Kehadiran ruang publik ini telah menjadi media pemenuhan hak – hak komunikatif para
warga Negara terlaksana terutama di dalam diskursus – diskursus informal yang dapat


dilaksanakan secara inklusif dan dapat mempersoalkan segala tema relavan yang memungkinkan
denan suara mereka yang didendangkan secara refleksif dan sentimental terhadap suatu problema
yang dihadapi sistem politik Indonesia kini. keberhasilan perwujudan politik deliberatif
bergantung pada pelembagaan prosedur permufakatan dan kondisi dalam komunikasi, serta pada
saling-hubungan antara proses deliberasi yang terlembagakan dan opini publik yang terbangun
secara informal. Namun demikian, prosedur permufakatan tidak lantas menetralkan kekuasaan
dan tindakan strategis untuk memperjuangkan kepentingan.
Demokrasi majemuk mengemuka manakala beragam kepentingan yang saling
bersinggungan atau bahkan bertolak belakang berkontestasi tanpa yang satu secara semena-mena
menidakkan yang lain. Jika kita memahami bahwa konflik menjadi salah satu karakter yang lekat
pada tubuh demokrasi, tentu kesepahaman yang terwujud melalui proses permufakatan tidak
merupakan suatu kesepahaman yang selalu stabil dan permanen. Karena politik sebagai prosedur
dimaksudkan sebagai cara untuk mengelola hubungan antarmanusia yang selalu memiliki potensi
konflik, maka kehendak untuk mengandaikan keutuhan pemahaman yang nirkonflik niscaya
merupakan suatu pretensi untuk mengubur politik.

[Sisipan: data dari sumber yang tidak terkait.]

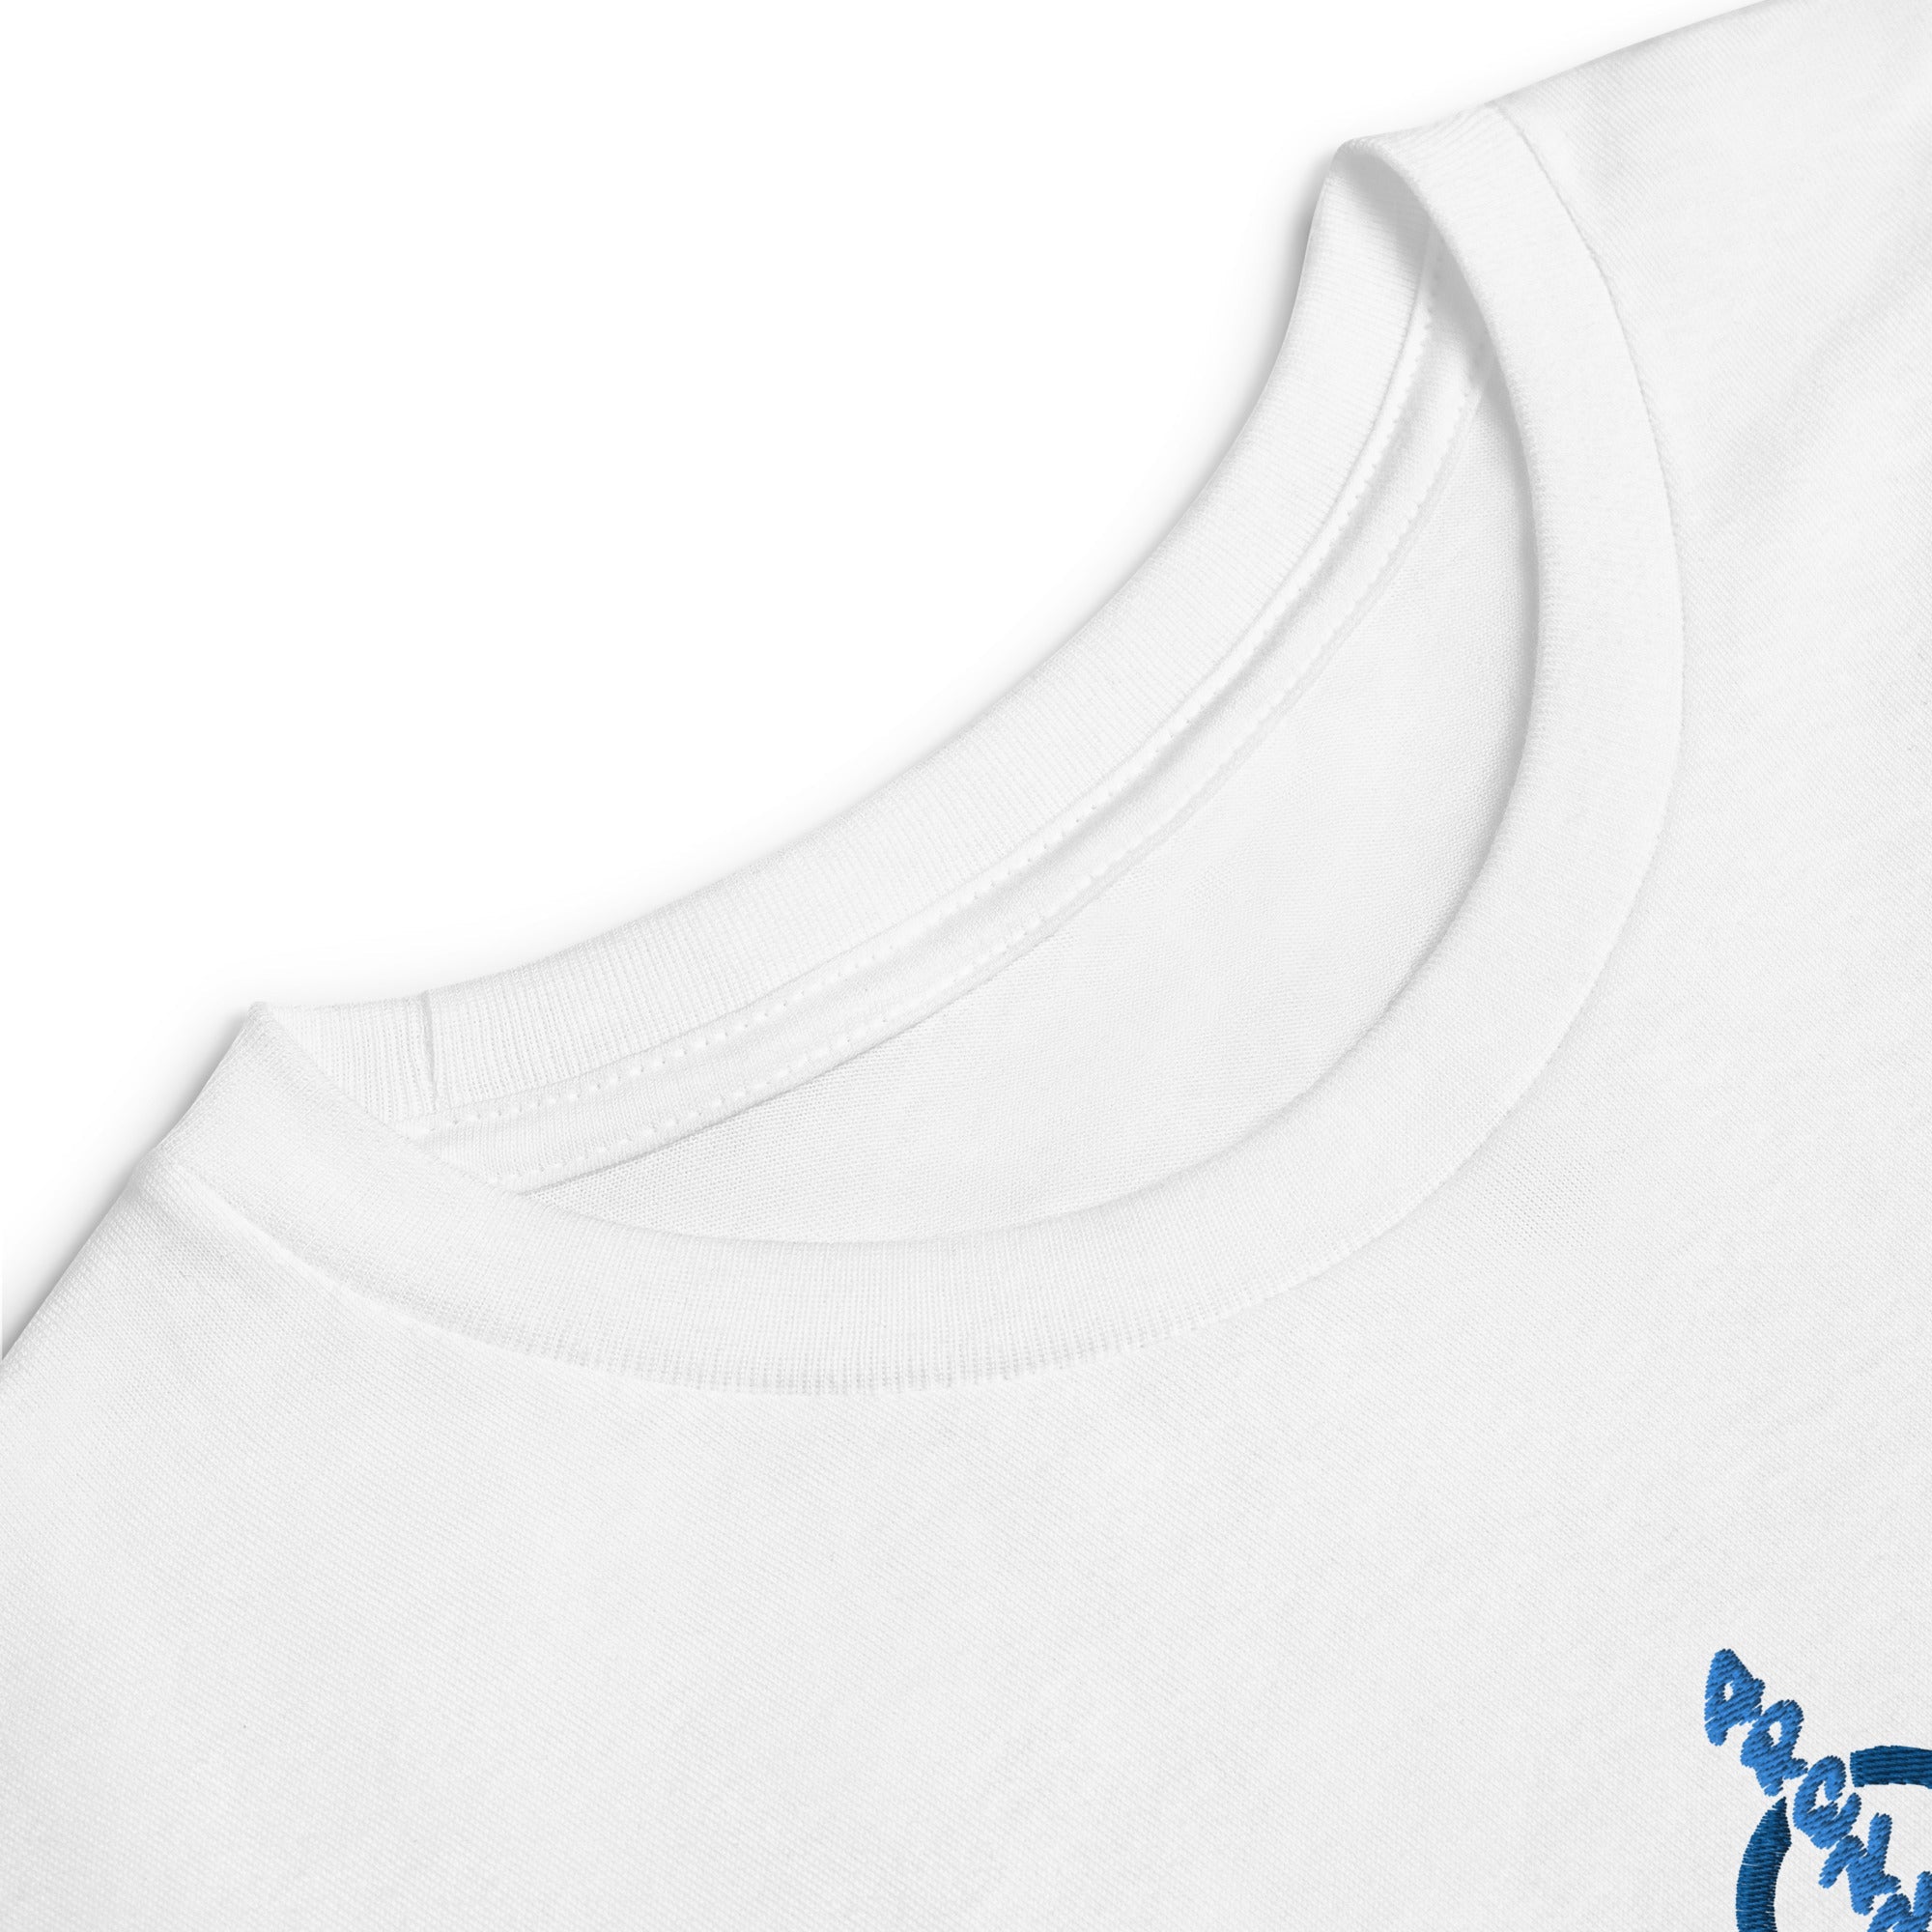 Unisex Youth Long Sleeve Shirt-2

Inilah fenomena yang berlangsung dalam dunia demokrasi, ketika suara – suara mereka
saat pencoblosan disalah gunakan oleh pejabat terpilih seakan terlecehkan dan menjadi sebuah
anomali. Para warga Negara mengalami kekecewaan yang mendalam terhadap nama politik yang
dasarnya mengatasnamakan “rakyat”. Sebuah stigma – stigma miring mengkonstruksikan pikiran

– pikiran rakyat sehingga mereka pergi mencari lubang kecil demokrasi lain dan berusaha
mengintip dunia luar yang penuh dengan keindahan.